8. Smart Grid Applications
Data Visualization of Power Grid
Every detail of the power grid’s operation status can be displayed in a full and complete way to support decision-making and evidence to management, with data analysis including power distribution, transmission, generation as well as user information, and with visualization operation real-time analysis achieved by software.
Trend Prediction of Power Grid Loading
What’s more, real-time loading statuses of the Internet can be displayed with the help of historical and real-time data of grid loading provide by big data, which can predict the changing trend of grid loading. Also, along with comprehensive management, it can boost the utilization rate of devices and decrease power consumption and losses to achieve a more economical and efficient power grid operation.
Trend Forecast of Device Failure
By analyzing the correlation among fault types, historical status and operational parameters of faulty equipment in the grid analysis through big data, the pattern of grid fault occurrence can be predicted. Also, the risk of grid operation can be assessed. All of these can give real-time early warning, allowing technicians to conduct equipment maintenance and inspection ahead of time.
Self-Repairing of Grid Realization
In a smart grid, faulty devices in the grid are isolated from the grid system as quickly as possible, and the system restores itself to normal operations (with little or no human intervention), thus providing virtually uninterrupted power service to customers. We can draw an analogy that the human immune system is similar to the self-healing of the smart grid. Combining the two predictions above, the grid system can continuously achieve self-predicting and take instant measures to control or correct faults which have been detected or are likely to occur.

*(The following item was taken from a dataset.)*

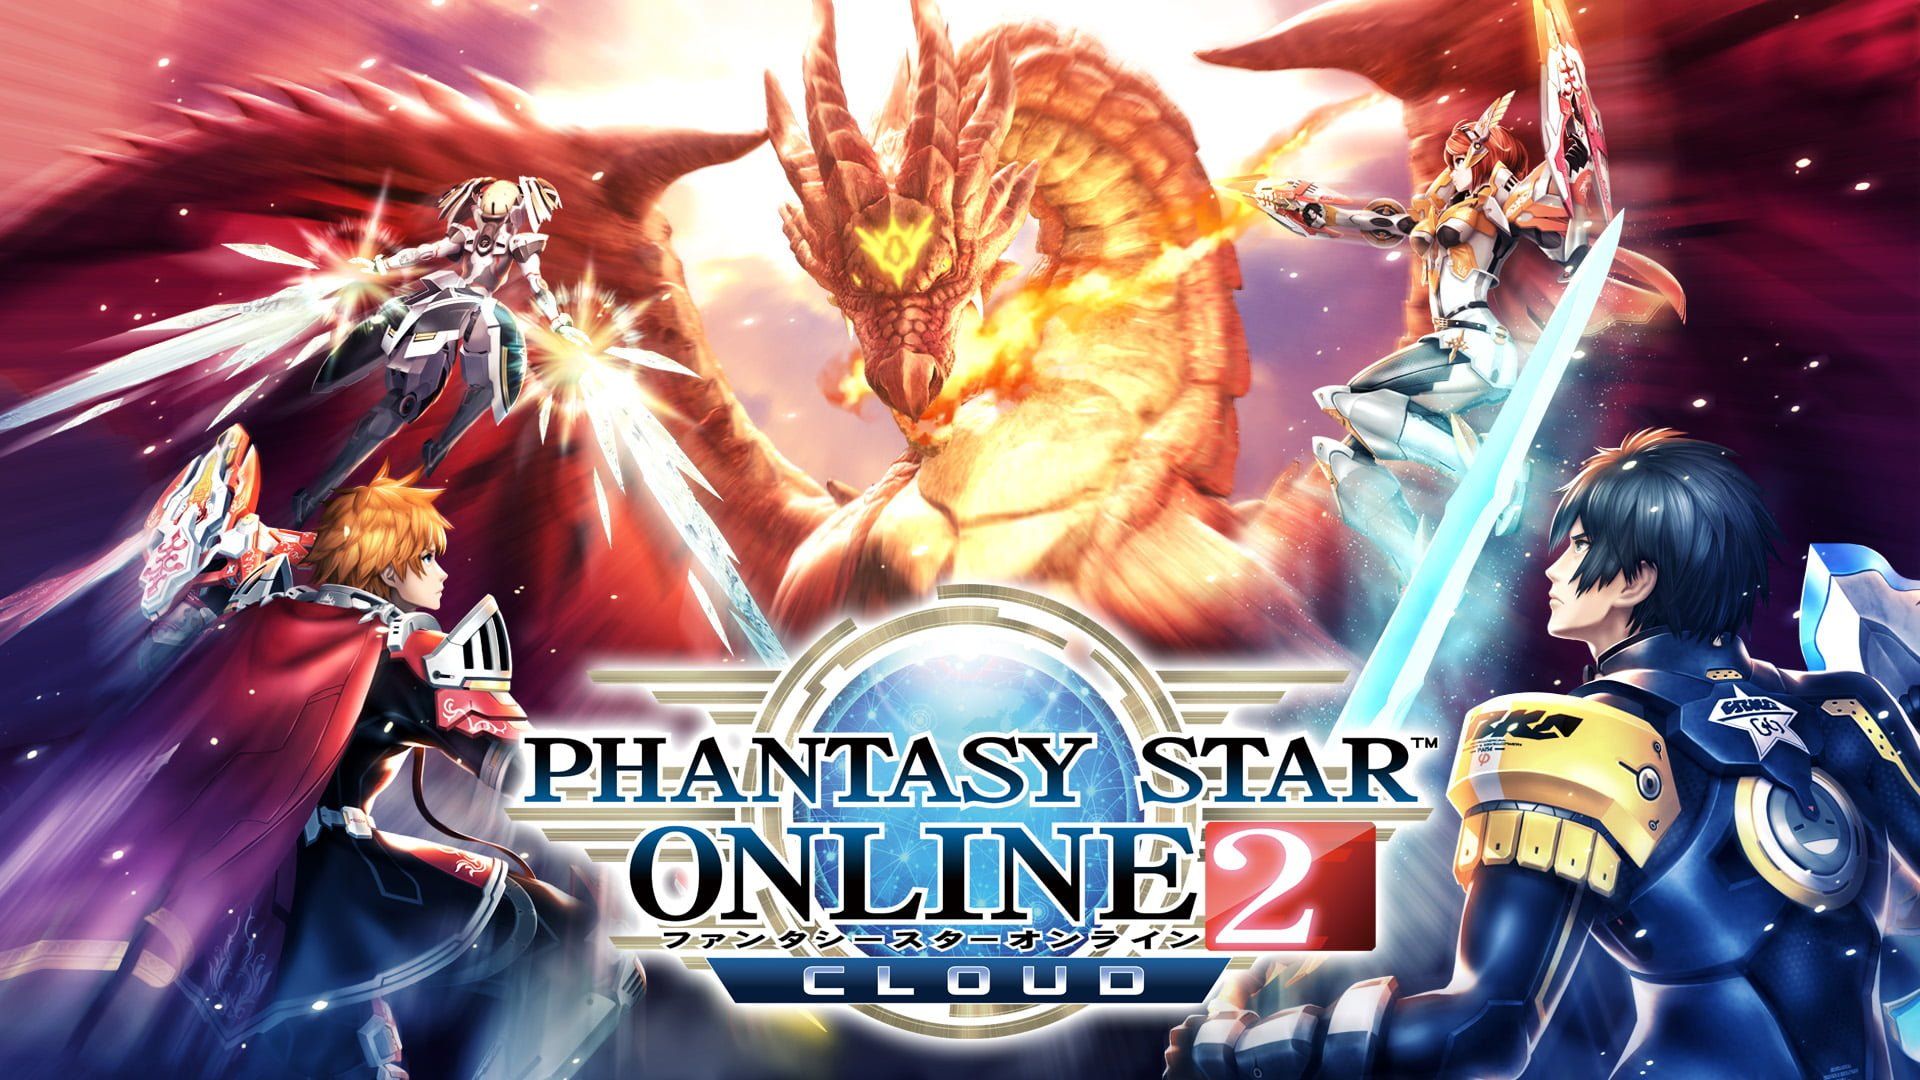 Phantasy Star Online 2 PC Version Full .gamerroof.com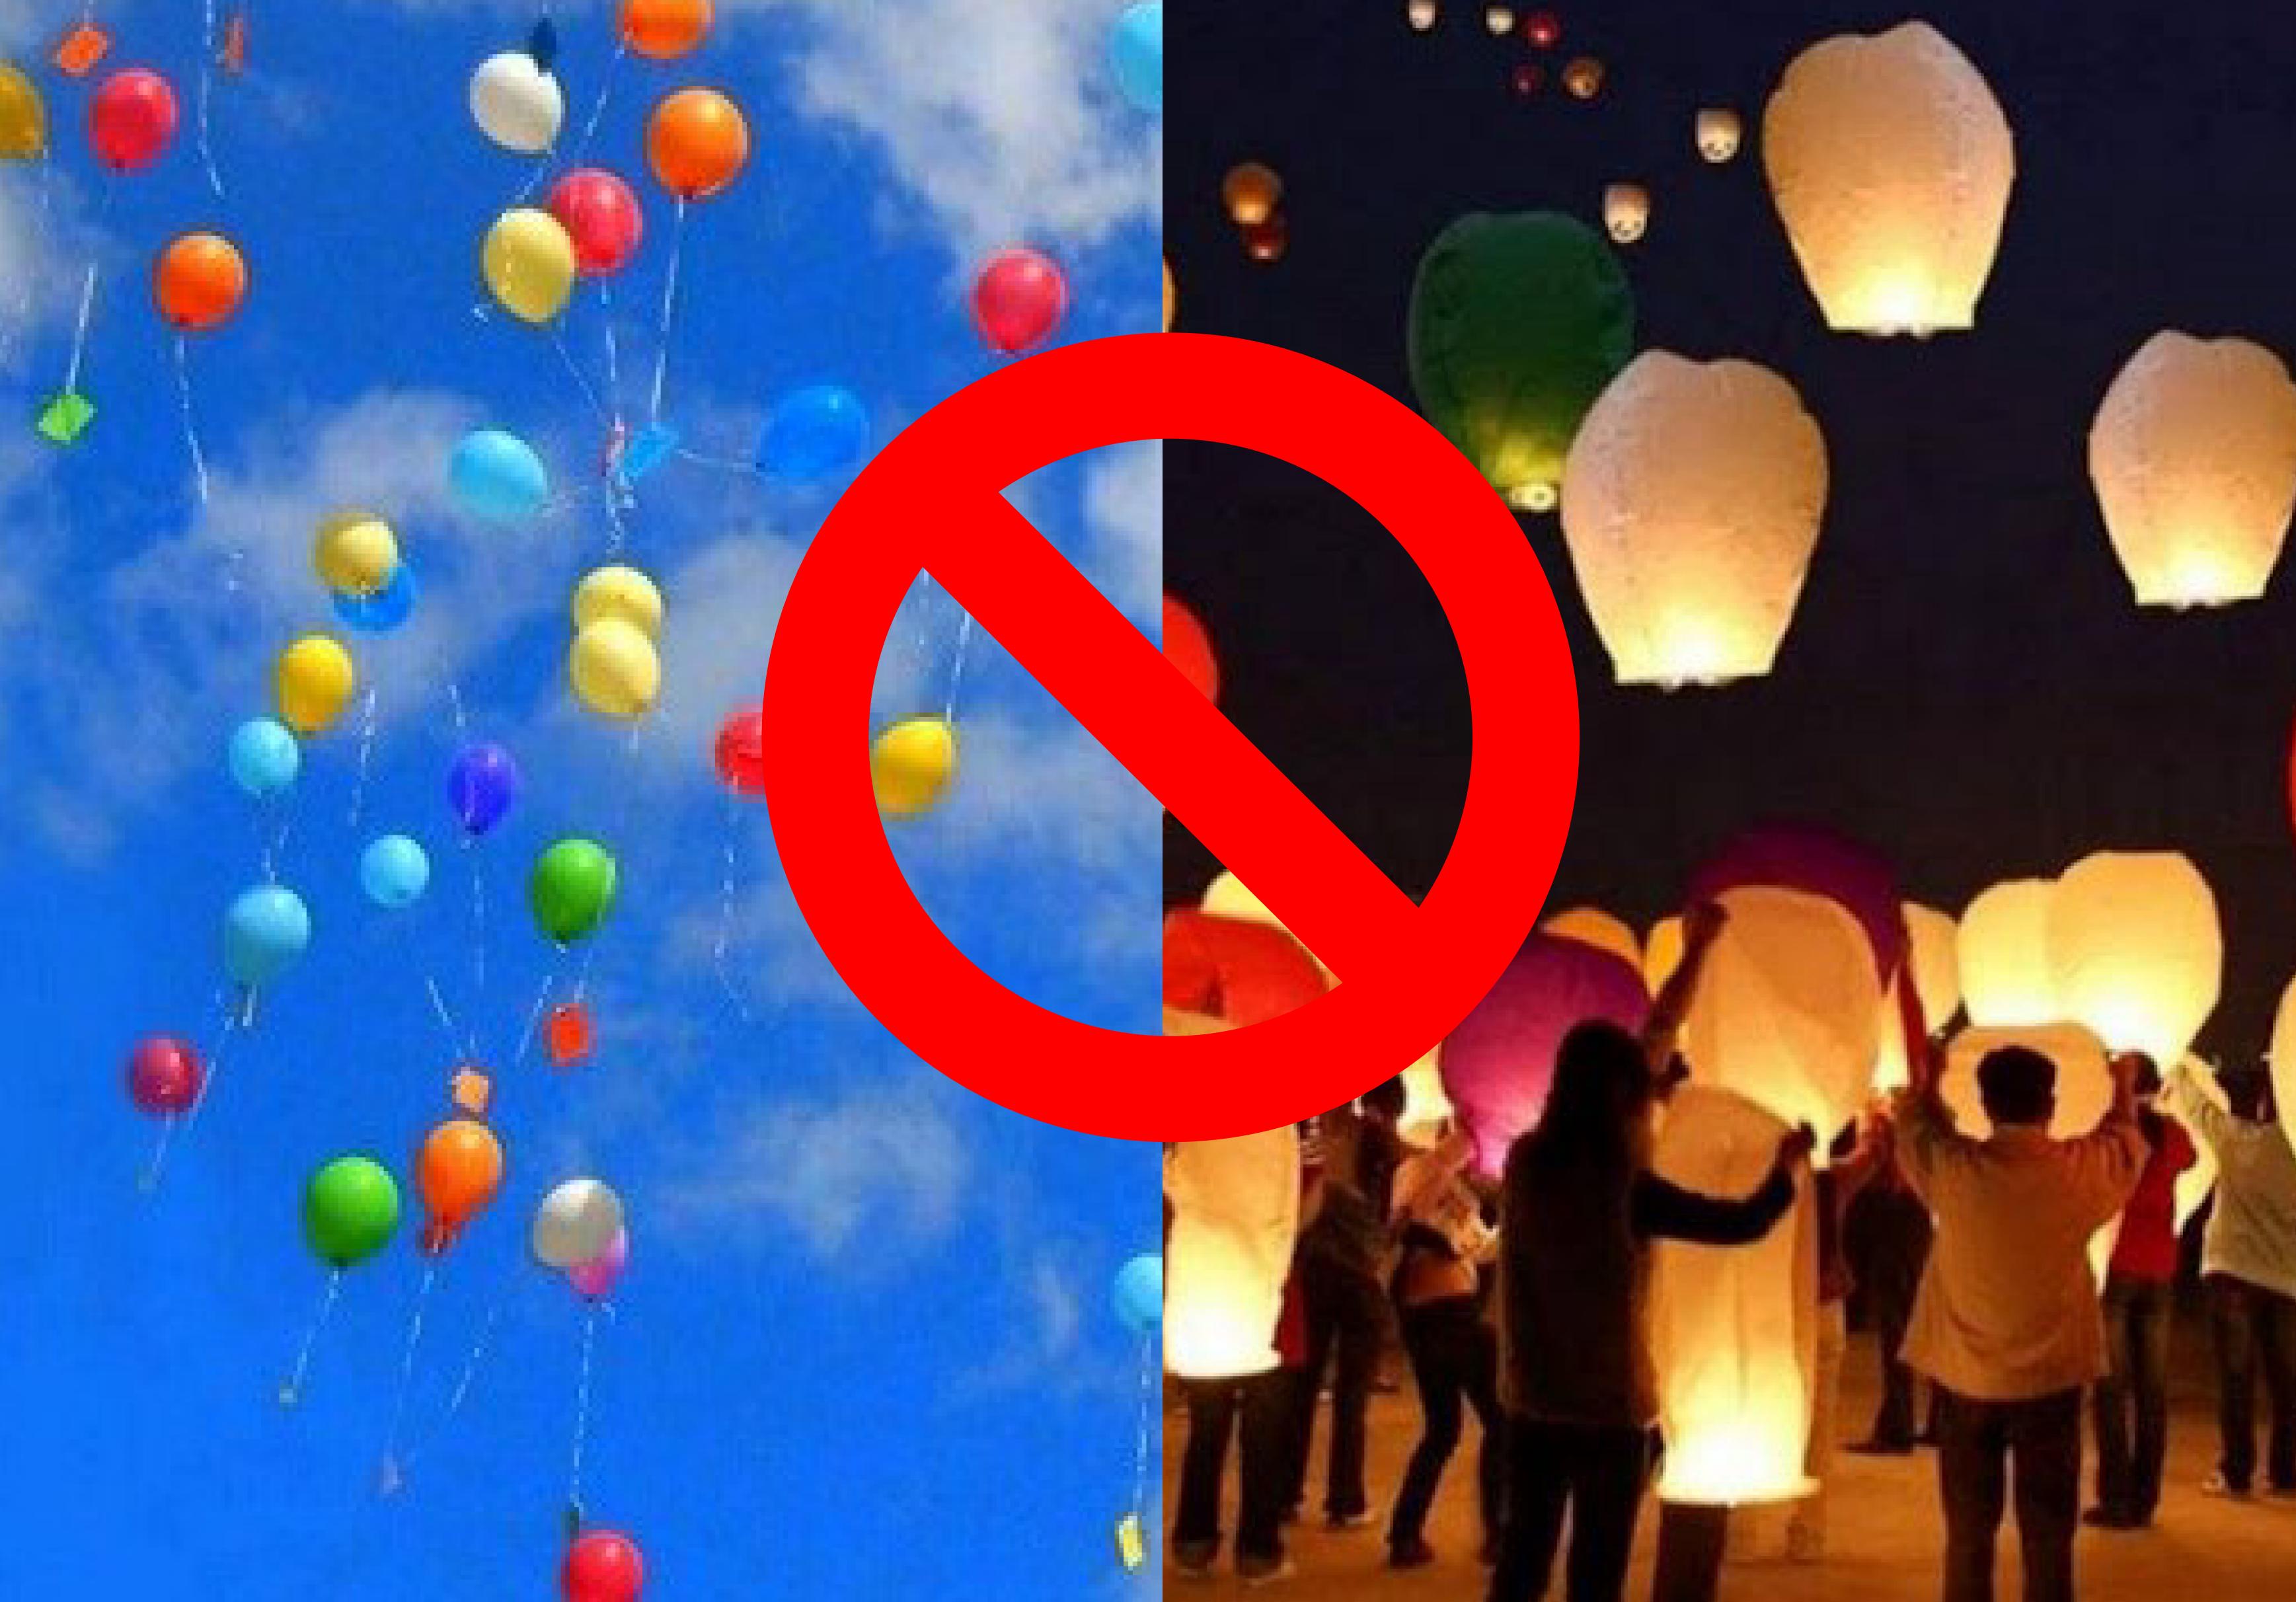 Divieto di rilascio volontario di palloncini, anche se biodegradabili, nastri colorati, lanterne cinesi, coriandoli di plastica o di altri dispositivi aerostatici idonei a disperdersi senza controllo nell'ambiente

Independent communications of secondary devices
Within existing grid systems, communications of secondary devices are usually achieved through buses and special communication devices, which are called “master control units” (generally called RTUs) in internal terms. In a smart grid, secondary devices such as monitoring and protection will be equipped with self-adaptive as well as self-interactive modules that can communicate with each other adaptively. This flexibility and self-adaptive capability will significantly enhance reliability as if the equipment were “autonomous”. In this case, other devices can still be in stable operation even if parts of the system function in failure.